EXERCISE: Write out the lines below exactly, beginning at the one with "Chalet Haute Vallee Chalet, Switzerland" and stopping after the one with "i + D magazine"; the pictures are not copied.

RECORDED INFORMATION:
*-*-*

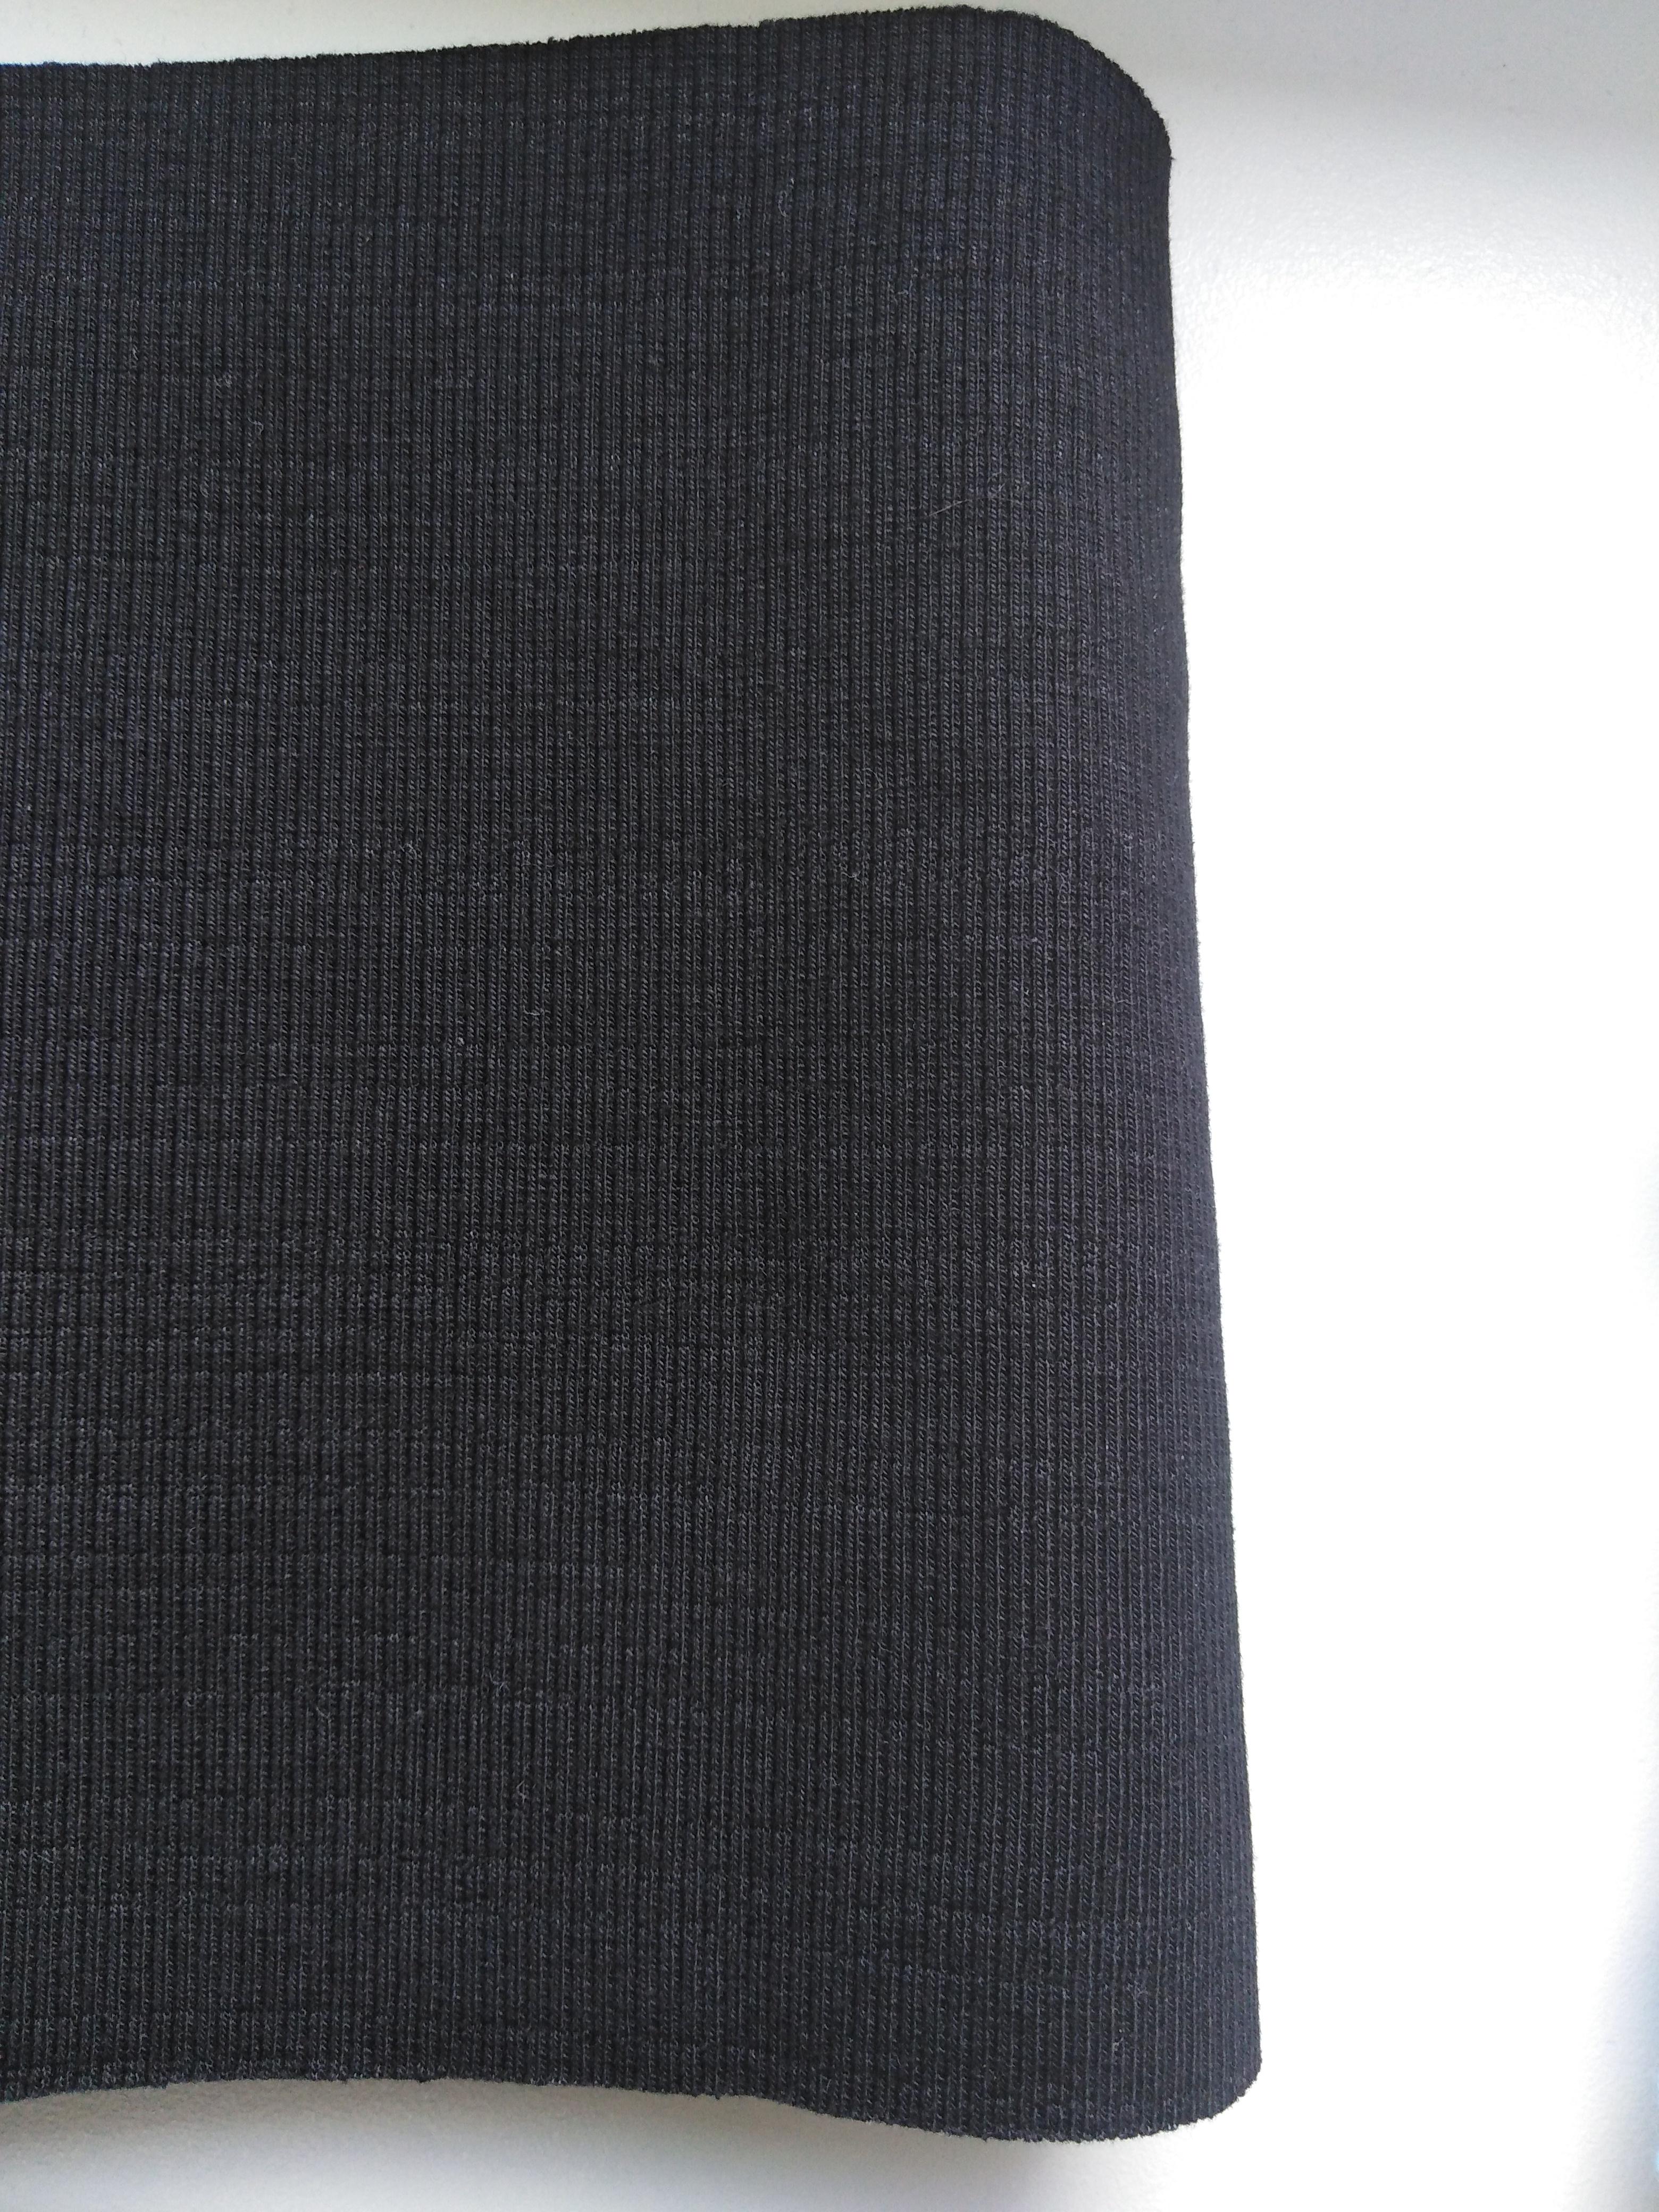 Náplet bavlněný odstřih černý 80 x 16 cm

*-*-*

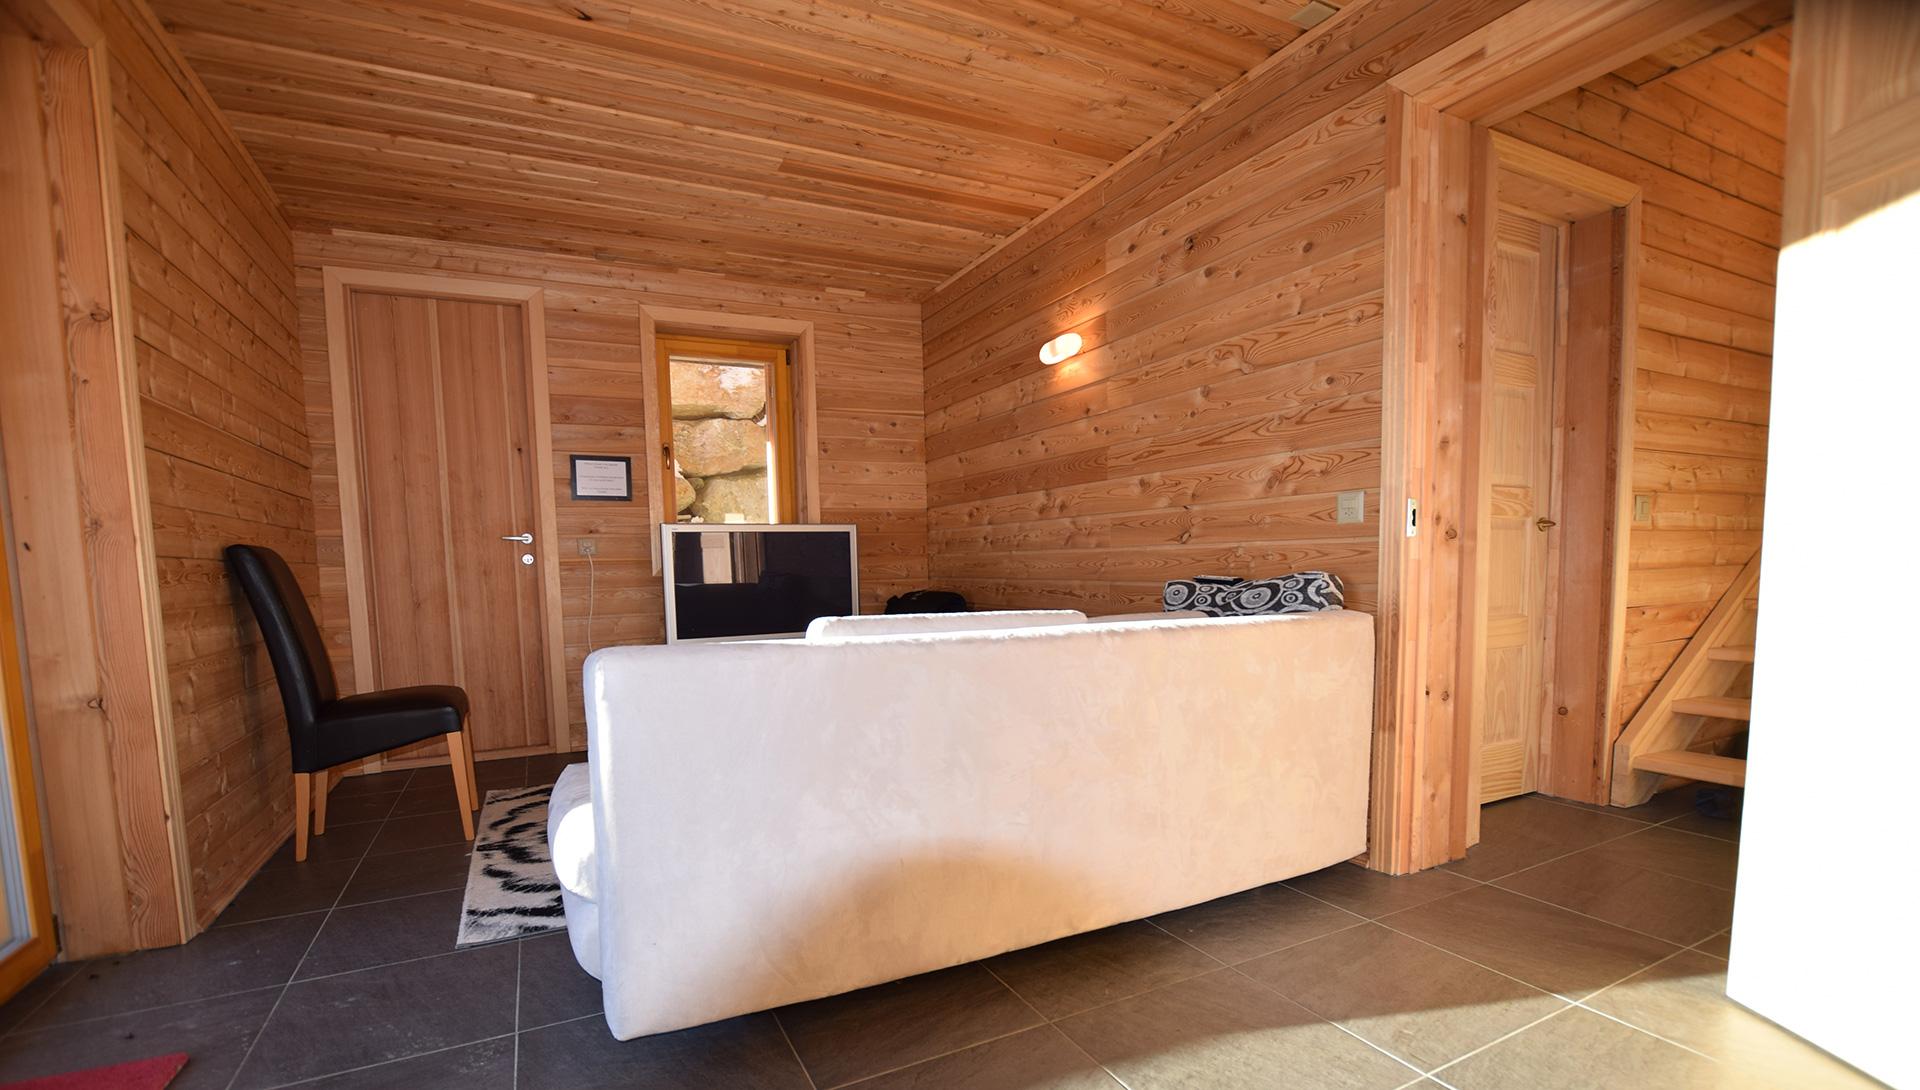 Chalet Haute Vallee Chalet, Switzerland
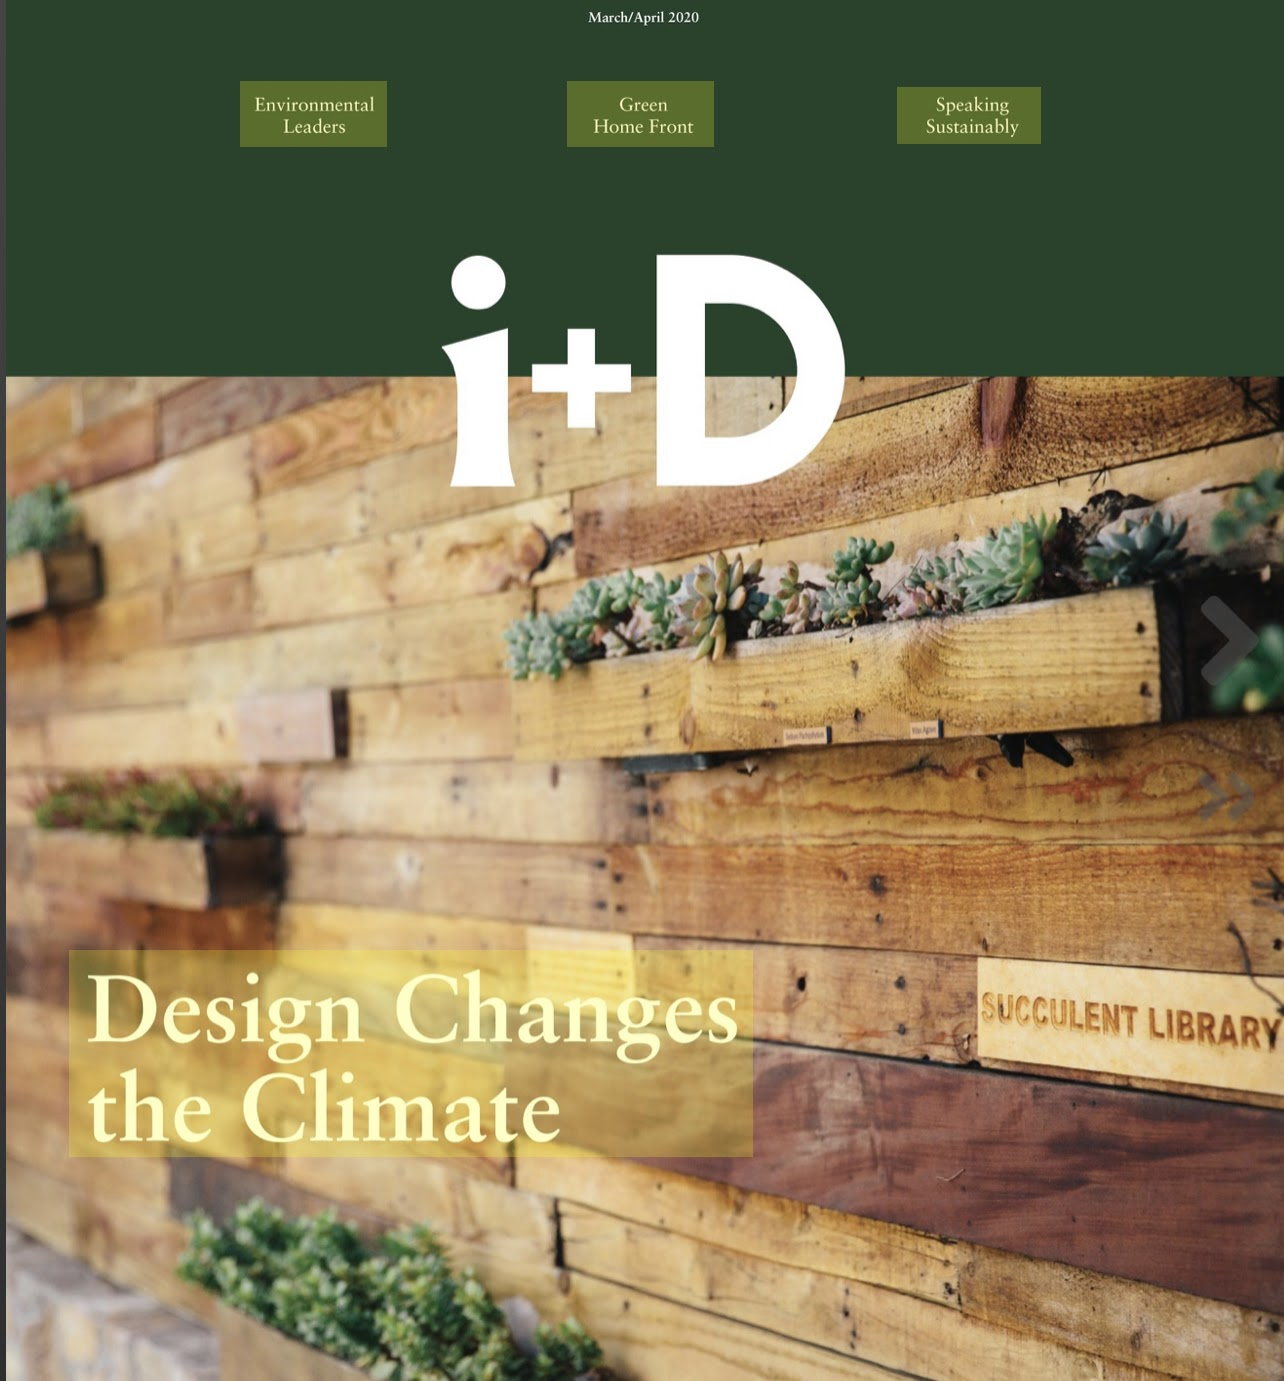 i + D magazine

*-*-*

ANSWER TO THIS EXERCISE:
 Chalet Haute Vallee Chalet, Switzerland
 i + D magazine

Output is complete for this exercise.